■ **What to work on**
Print the data exactly. Omit the pictures.

■ **Data section**
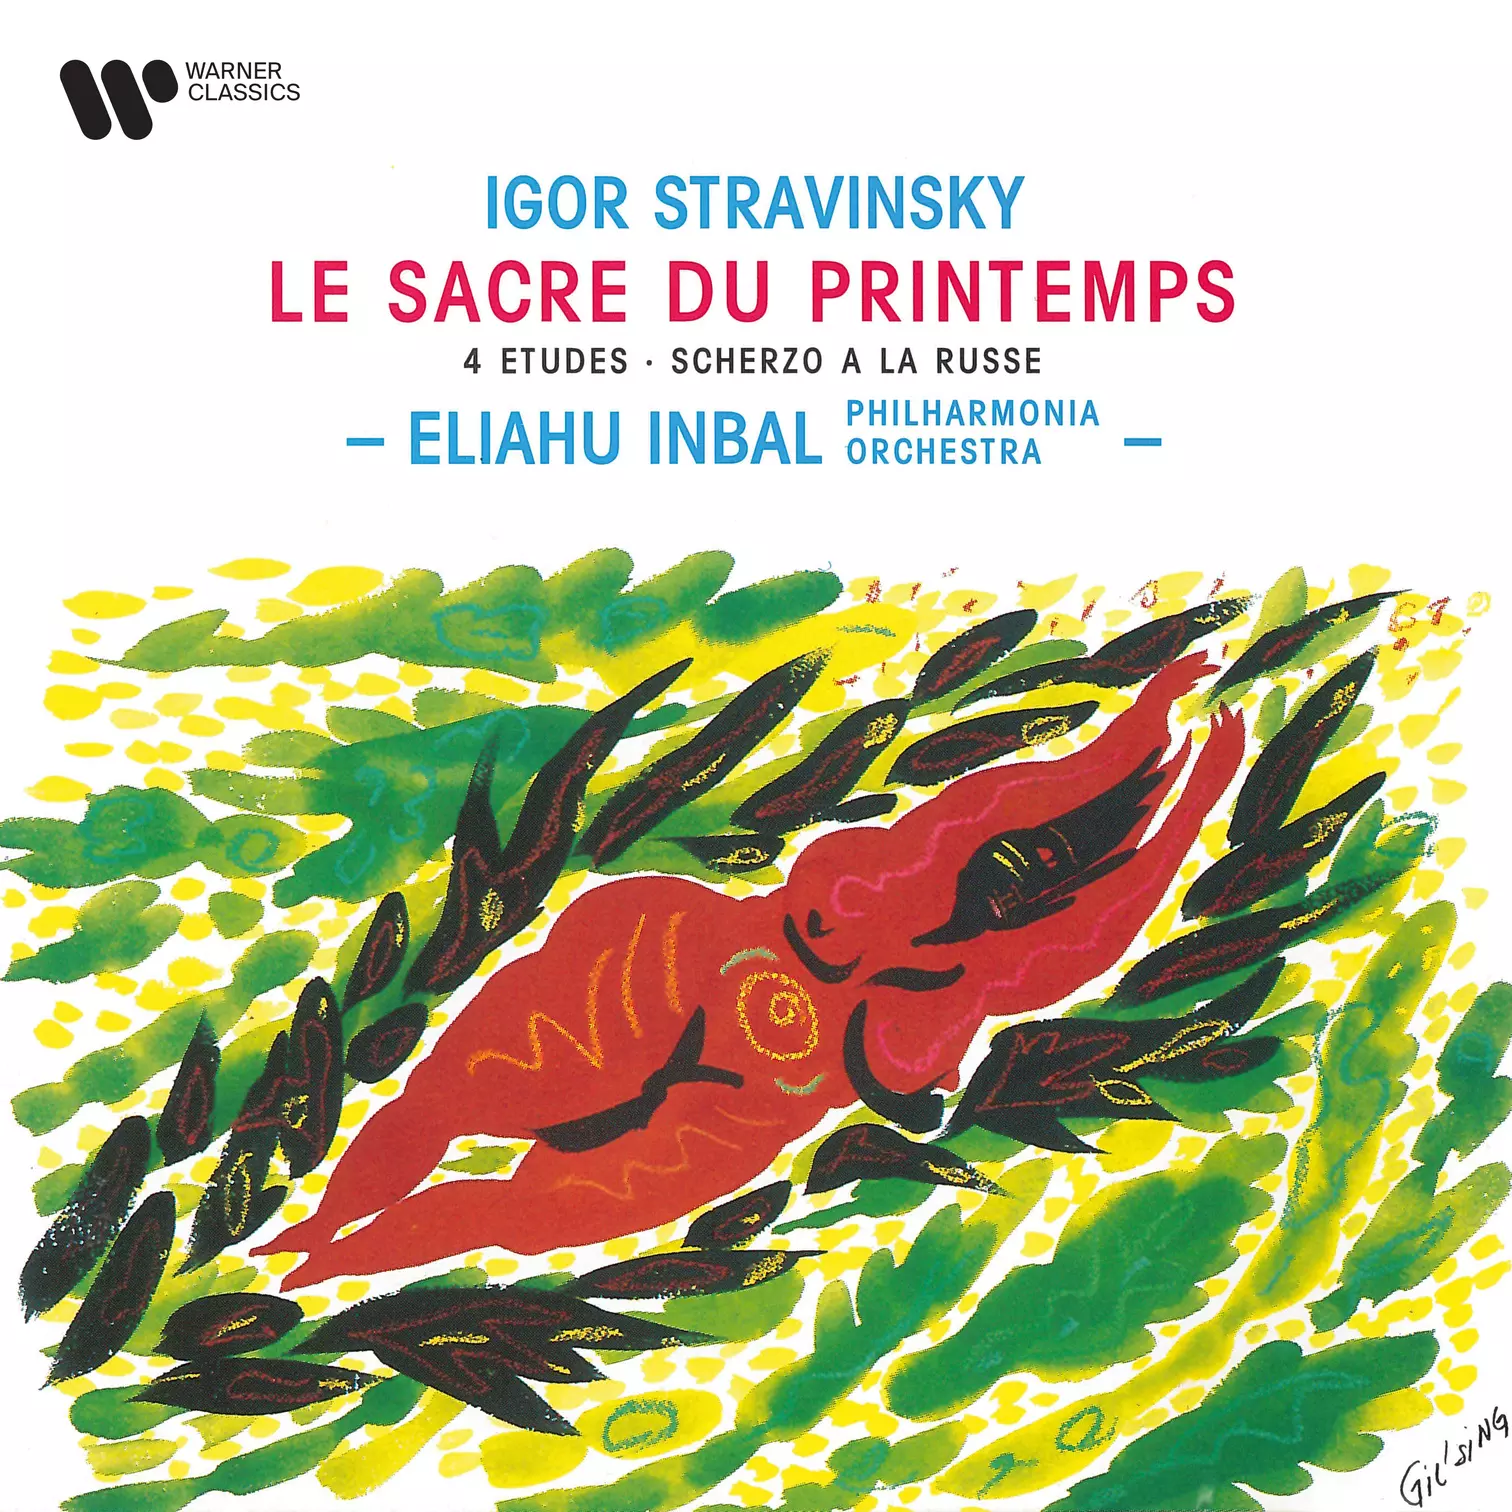 Stravinsky: Le sacre du printemps, 4 Études & Scherzo à la russe
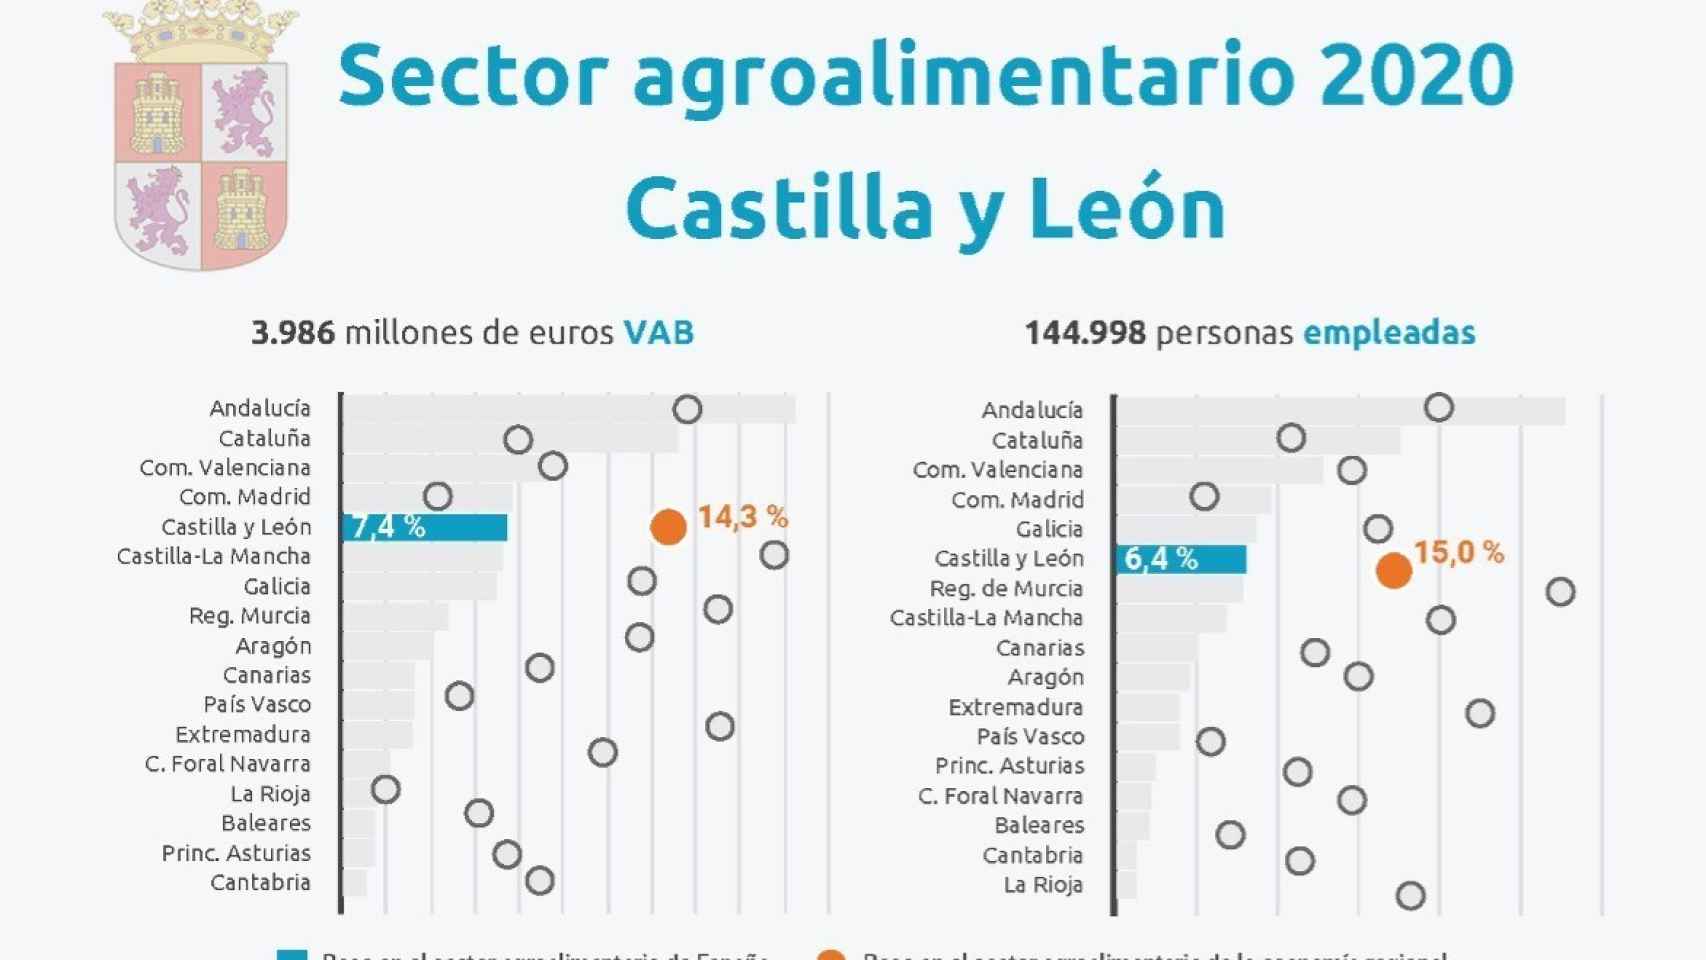 El informe hecho público por Cajamar refleja la fortaleza del sector agroalimentario en Castilla y León.
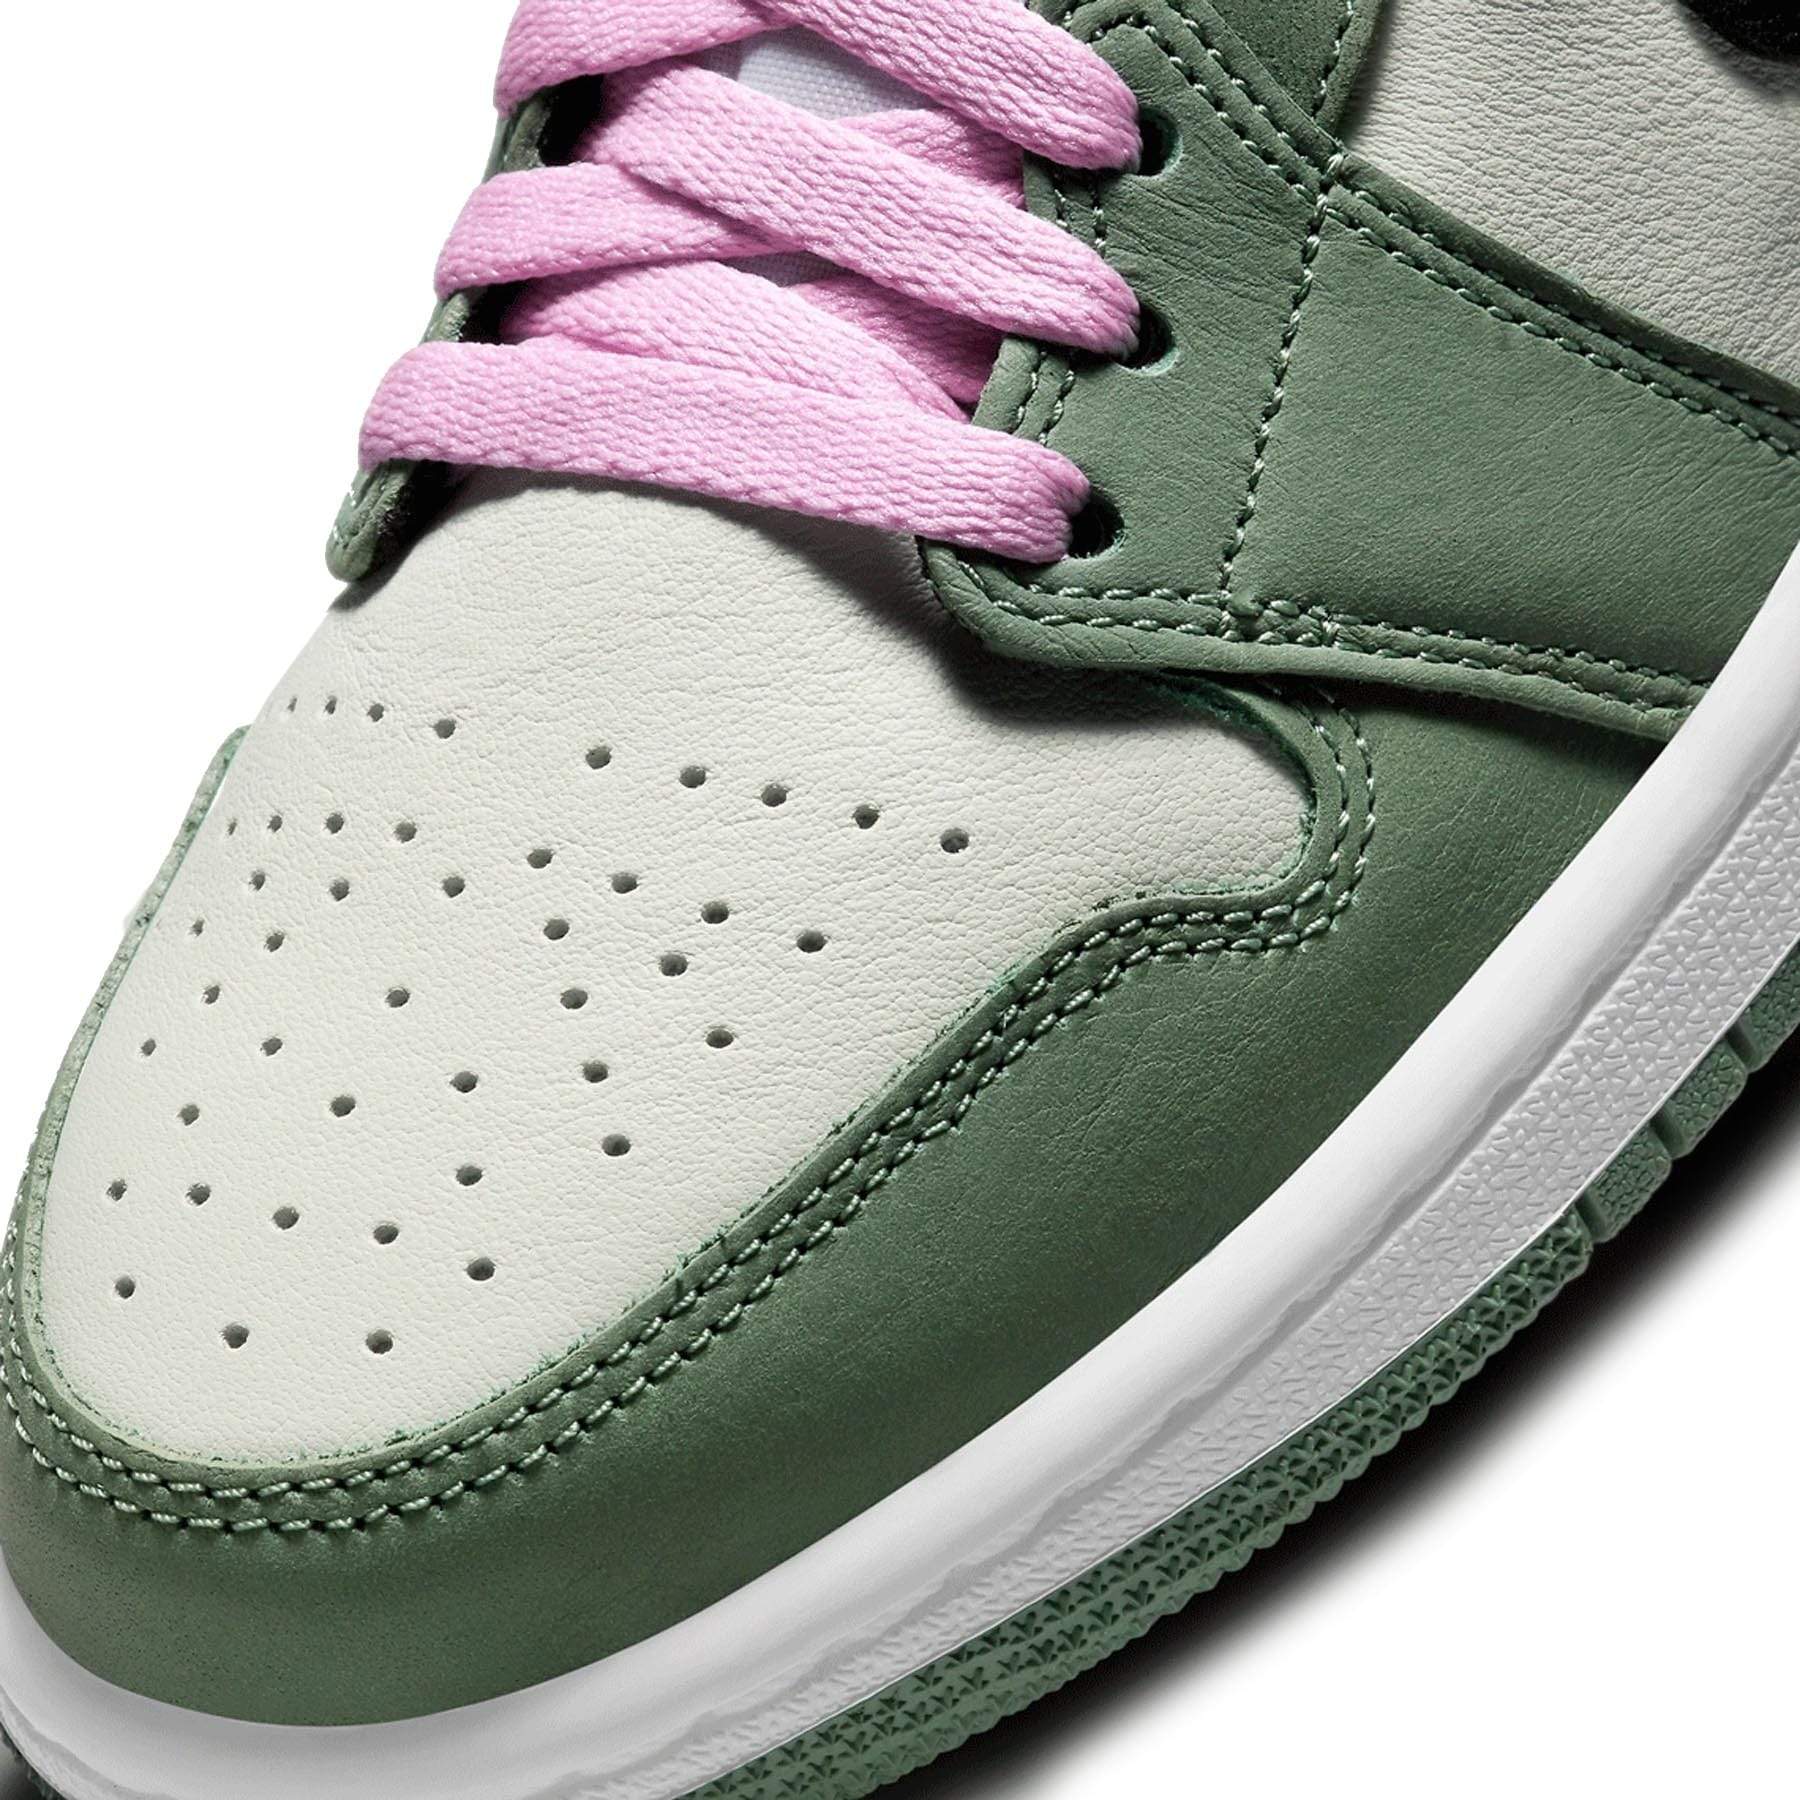 air jordan green pink laces
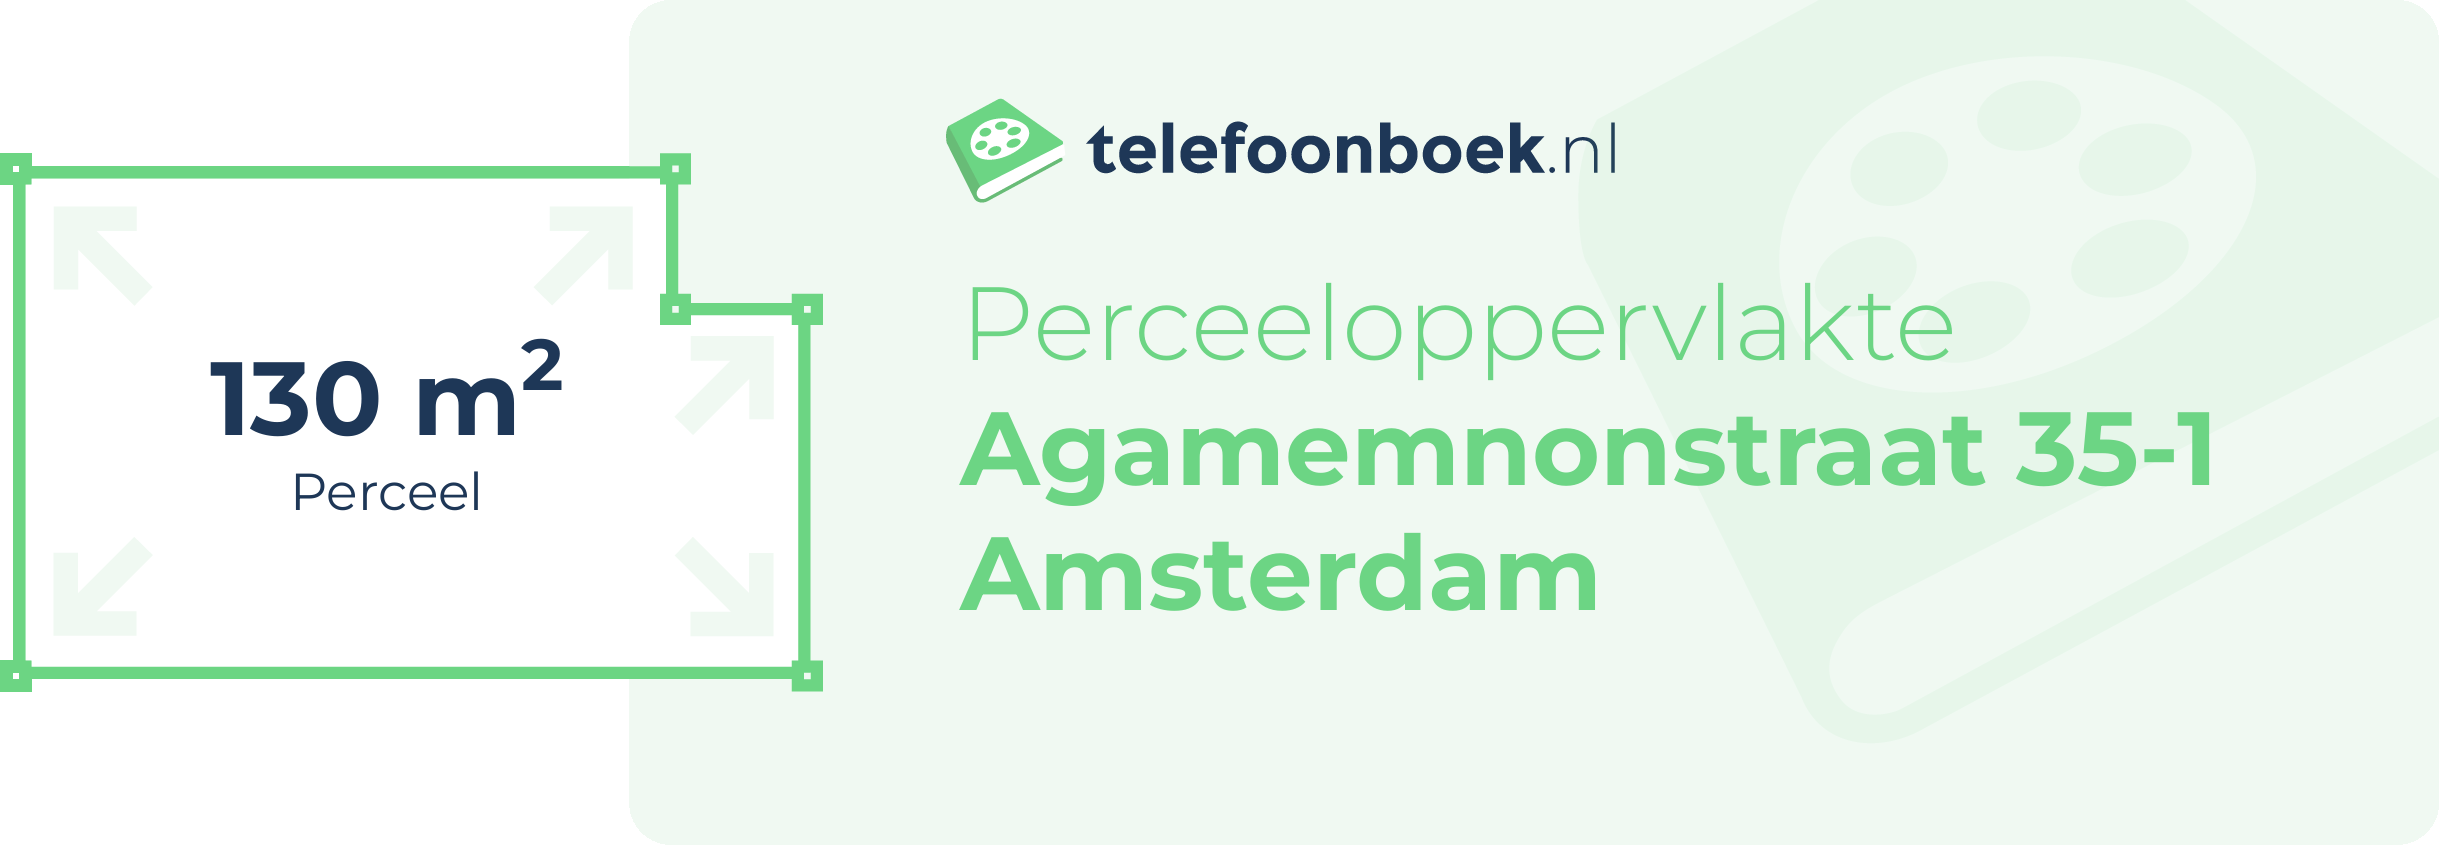 Perceeloppervlakte Agamemnonstraat 35-1 Amsterdam

■ **Written answer**
 Stravinsky: Le sacre du printemps, 4 Études & Scherzo à la russe
 El informe hecho público por Cajamar refleja la fortaleza del sector agroalimentario en Castilla y León.
 air jordan green pink laces
 Perceeloppervlakte Agamemnonstraat 35-1 Amsterdam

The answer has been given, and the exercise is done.